- Directed by: Leszek Burzynski
- Written by: Max Enscoe Annie DeYoung George Buck Flower Ed Hansen Glen Stephens
- Produced by: Robert Schwartz
- Starring: Peter Fonda Kris Kristofferson Joseph Mazzello Keith Carradine Robin Dearden
- Cinematography: William Wages
- Edited by: Andrew S. Eisen Stephen Rivkin
- Music by: Hummie Mann
- Release date: 2001;
- Running time: 99 minutes
- Country: United States
- Language: English
- Box office: $335,726

= Wooly Boys =

2001 film

Wooly Boys is a 2001 American adventure comedy drama film directed by Leszek Burzynski and starring Peter Fonda, Kris Kristofferson, and Joseph Mazzello.

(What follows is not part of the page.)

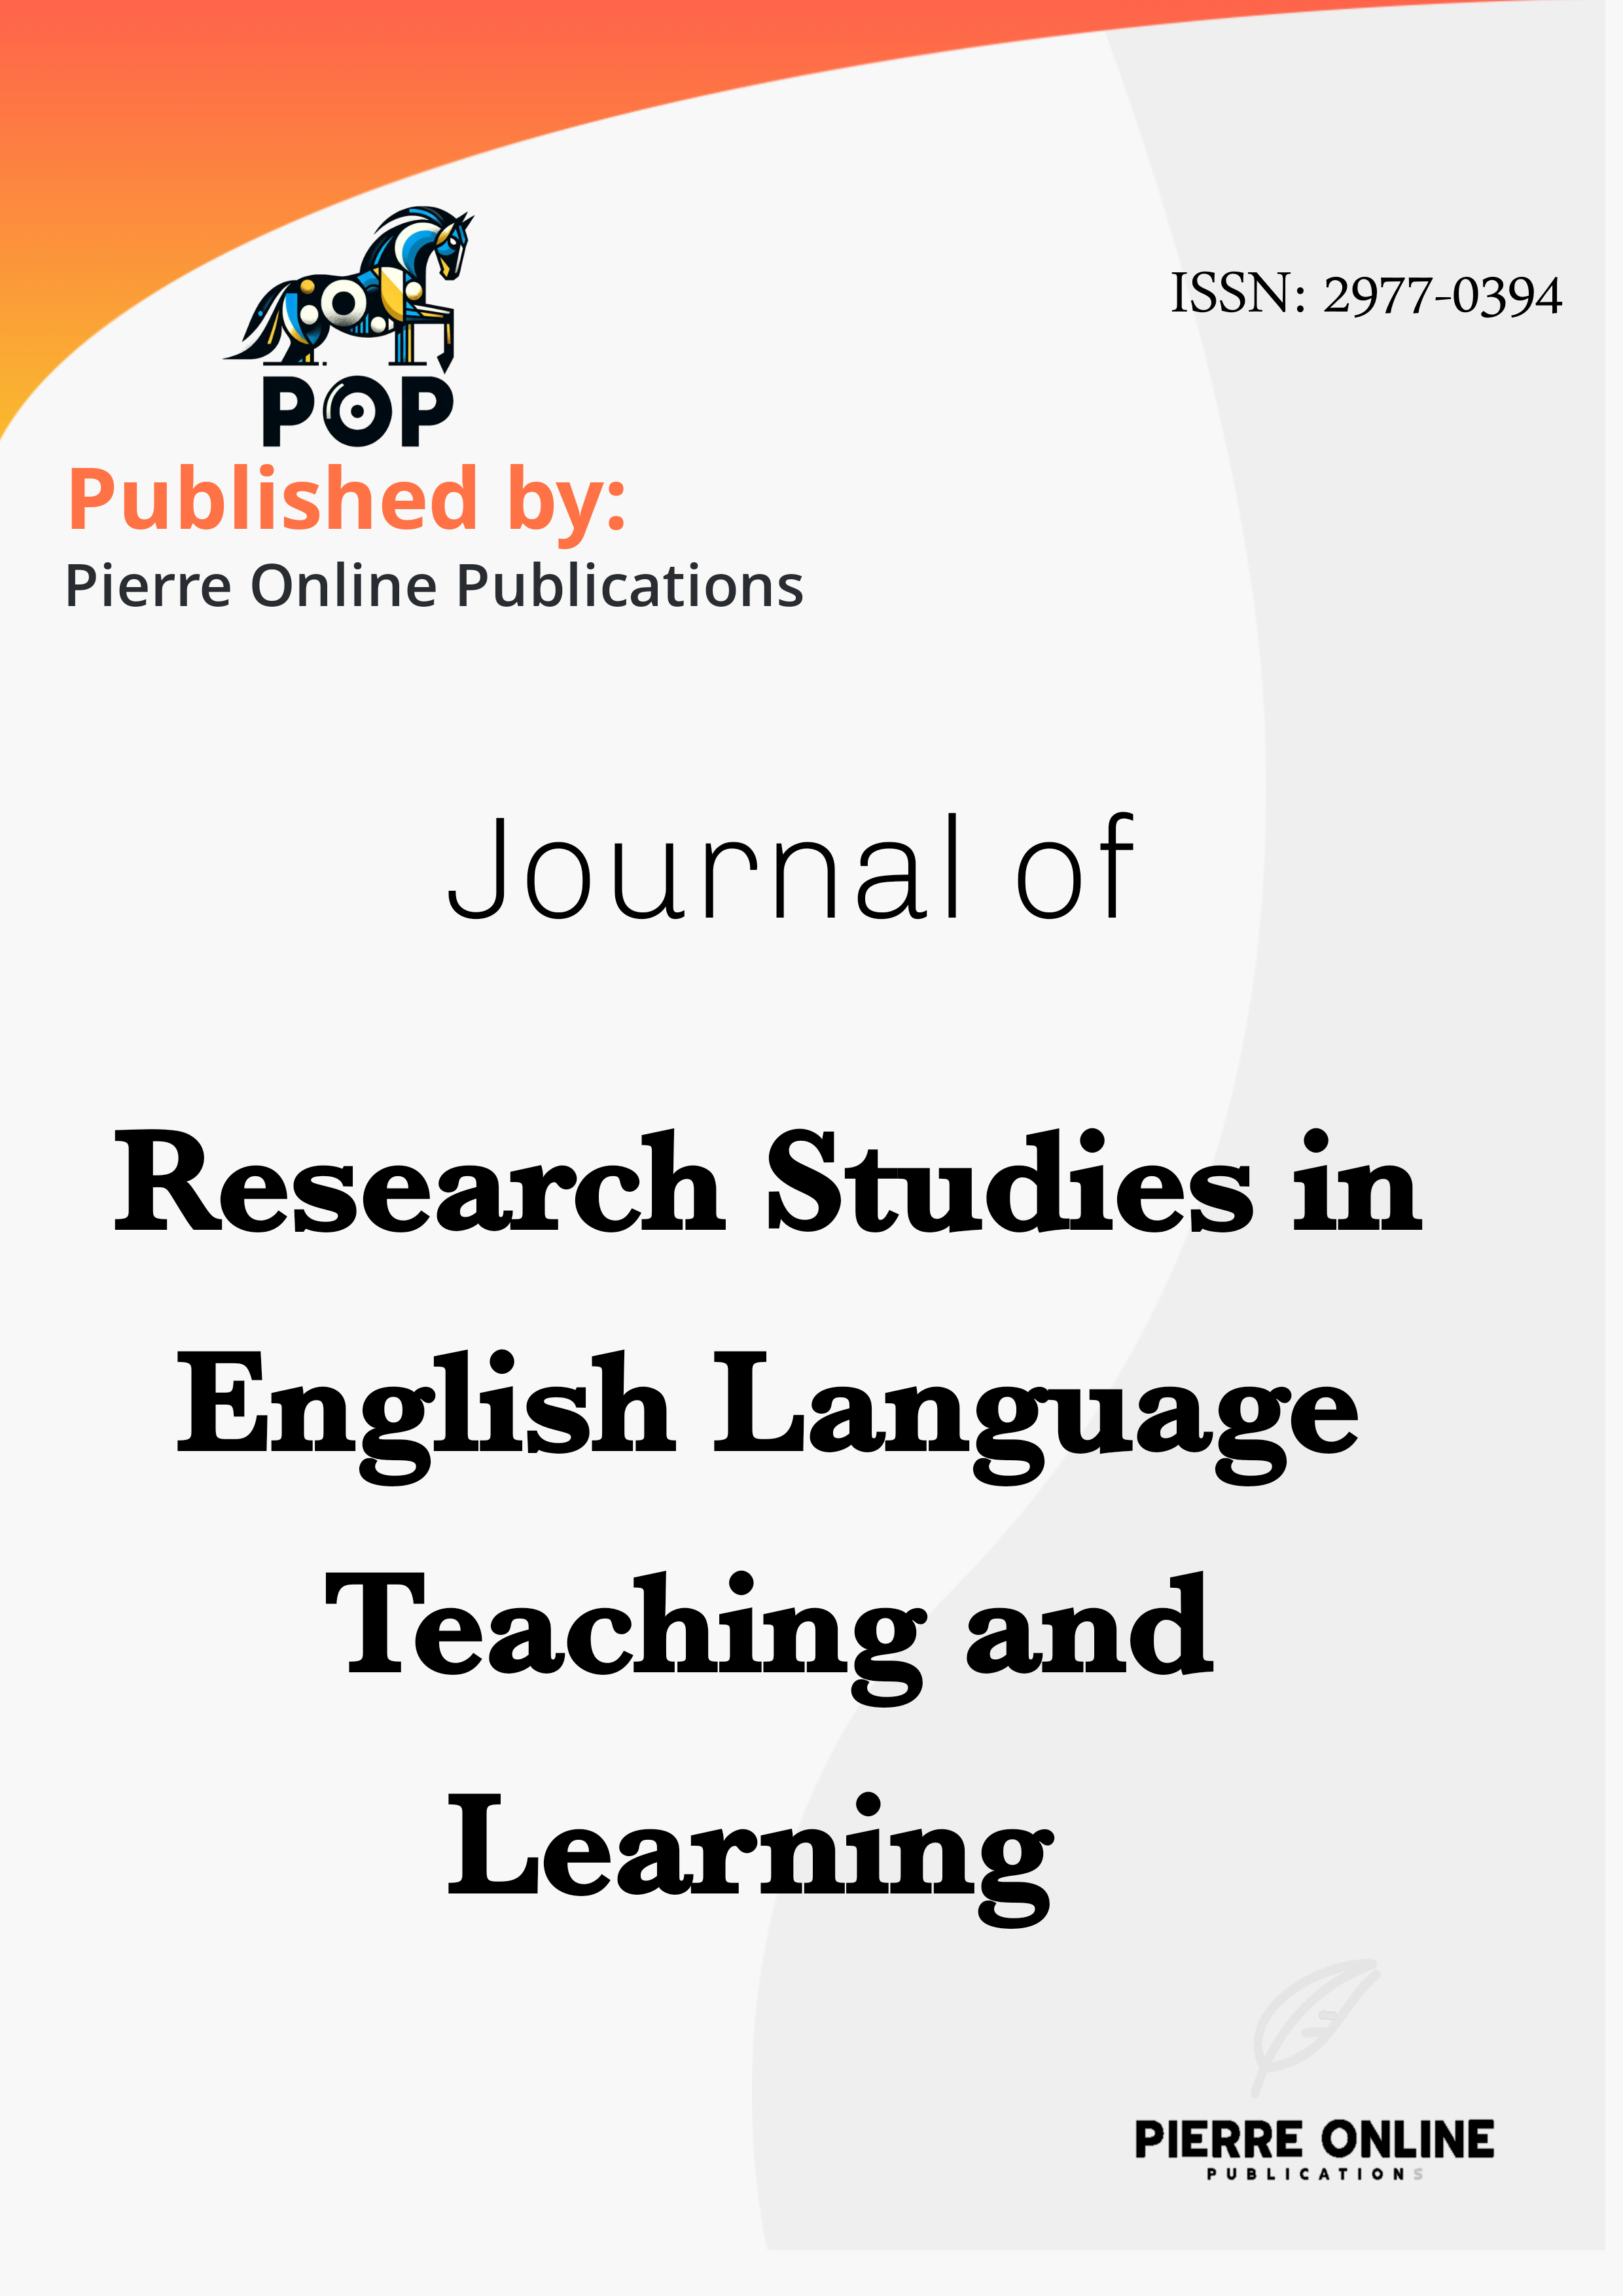 list of research topics in english language teaching

The screenplay concerns sheep ranchers in the Badlands of North Dakota. North Dakota's first full-length feature film, it was financed by the Bank of North Dakota, but did not do well at the box office.

==Plot==
A.J. "Stoney" Stoneman, a grizzled sheep rancher from Medora, North Dakota, is tricked by Sheriff Hank Dawson into taking a trip to see his daughter Kate Harper in Minneapolis, Minnesota. While there, Stoney ends up bonding with his 16-year old grandson, Charles, whom he hadn't seen in nine years. Charles is also part of the plot to get Stoney help for a serious health issue. Charles tells Stoney his mother is in the hospital, so they leave for the hospital. Upon arriving at the hospital, Stoney finds out that Kate was only "in" the hospital to trick Stoney into having an examination. Stoney and Kate have a bout with words as Stoney is leaving and he collapses from an aneurysm, thereby causing him to be hospitalized. With the aid of his rancher pal, Shuck, Stoney escapes the hospital—with Charles in tow—for what becomes a life-changing adventure as Charles discovers his family roots and what it means to be a “wooly boy”.

==Cast==
- Peter Fonda as A.J. "Stoney" Stoneman
- Kris Kristofferson as Shuck
- Joseph Mazzello as Charles
- Keith Carradine as Sheriff Hank Dawson
- Robin Dearden as Kate Harper

==Production==
Filming was done in the North Dakota towns of Medora, Belfield, Fryburg, and Beach; also in Minneapolis and Woodbury, Minnesota.